The Good: Sets up the middle act well, General knowledge of Star Trek history
The Bad: Boring, Obvious, Not terribly well written, Requires far too much suspension of disbelief, Sacrifices character for plot.
The Basics: In a disappointing outing from two masters of Star Trek, Judith and Garfield Reeves-Stevens present a murder investigation that leads to an entirely different story.

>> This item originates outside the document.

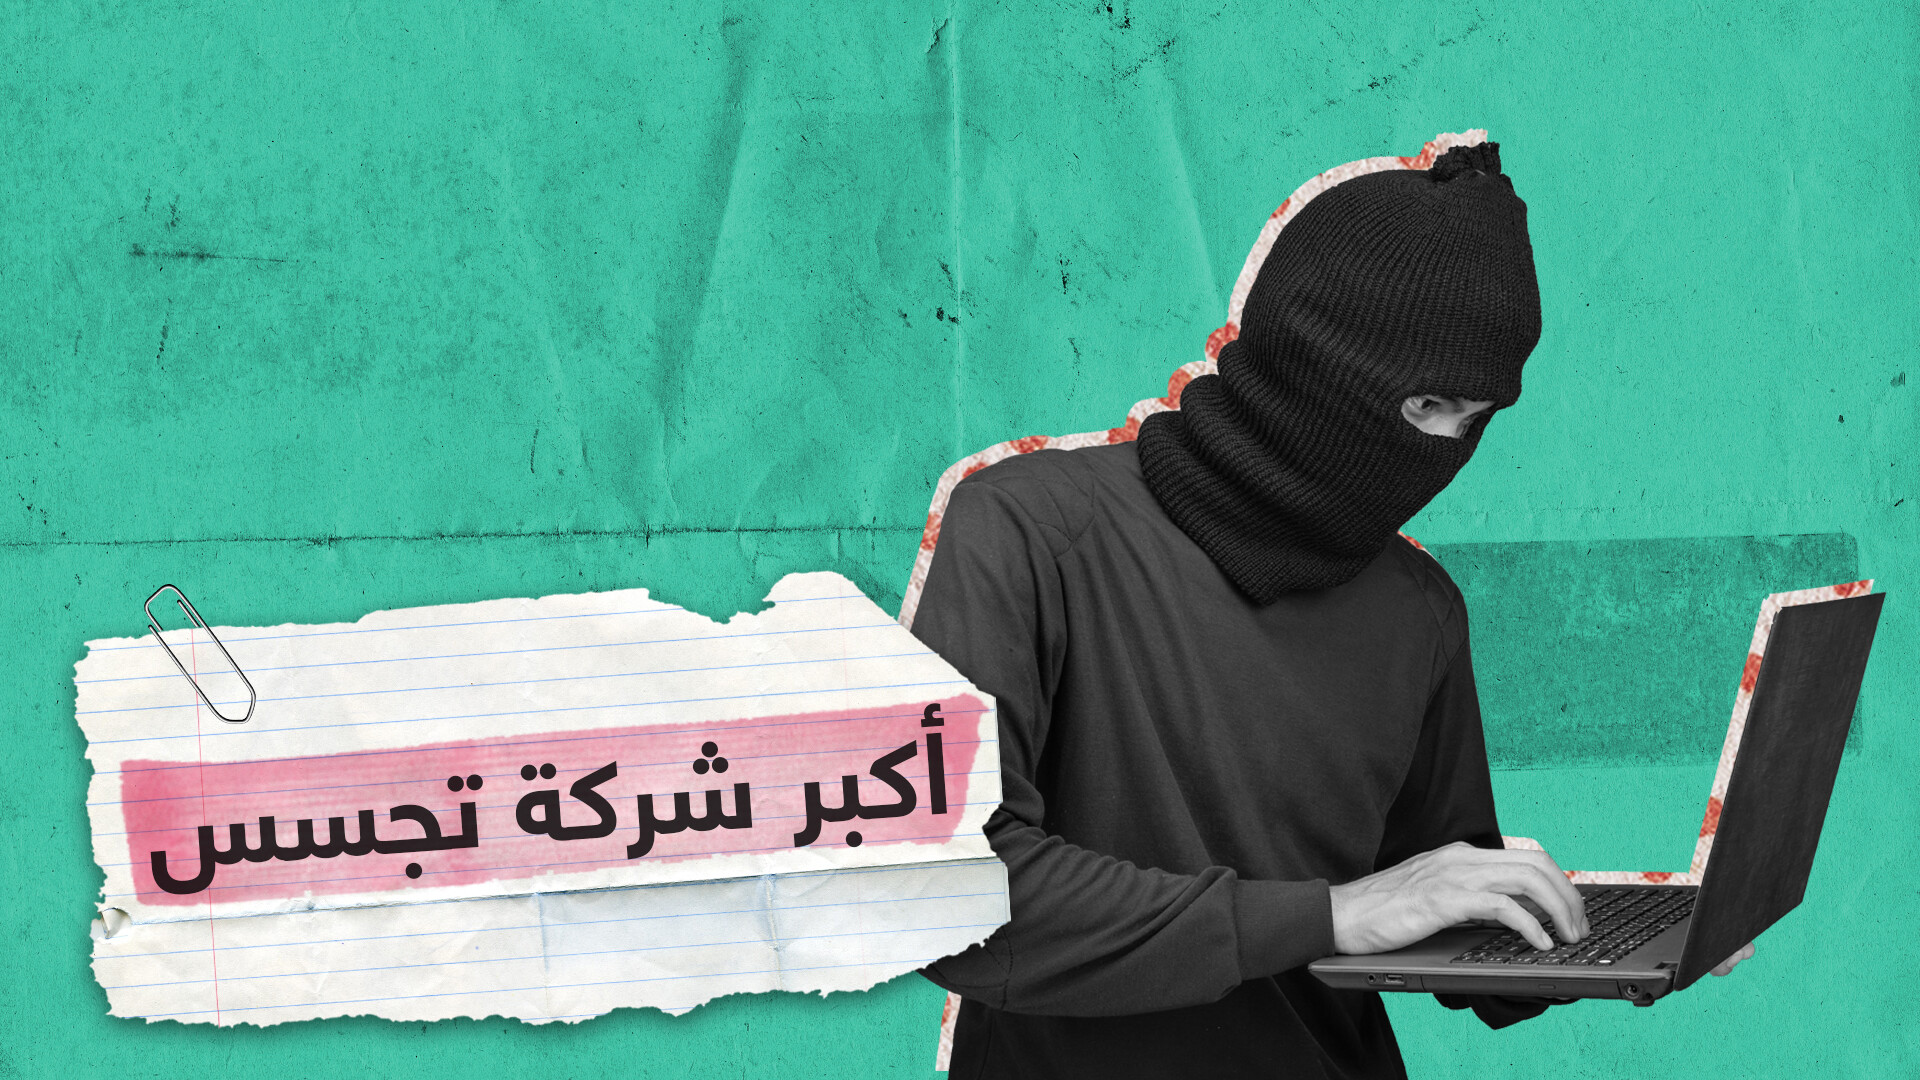 """استخدمتها دول عربية.. ماذا تعرف عن شركة """"التجسس"""" الإسرائيلية NSO؟"""

The best Star Trek writers are the ones who look at the Star Trek universe and either figure out how it all fits together best (like Peter David tying elements like the Doomsday Machine into the Borg) to make the disparate elements make more sense or those who address a serious lack in the narrative of the franchise (like Michael Jan Friedman's ambitious histories of Jean-Luc Picard before he took command of the U.S.S. Enterprise-D or even the way some writers bring in neglected ethnic minorities). Two people whose work in the books was so impressive at the former concept that they were asked to write for the show are Judith and Garfield Reeves-Stevens. Their mastery of putting together the elements in the Star Trek universe that make little sense on their own was what compelled the producers of Star Trek: Enterprise to give them a crack at making the cannon version of why there are two severely different looks for Klingons in the Star Trek universe. They delivered a story that was quite possibly the best it could be given the problematic elements of original series Klingons appearing as modern (full make-up and ridges) Klingons on Star Trek: Deep Space Nine.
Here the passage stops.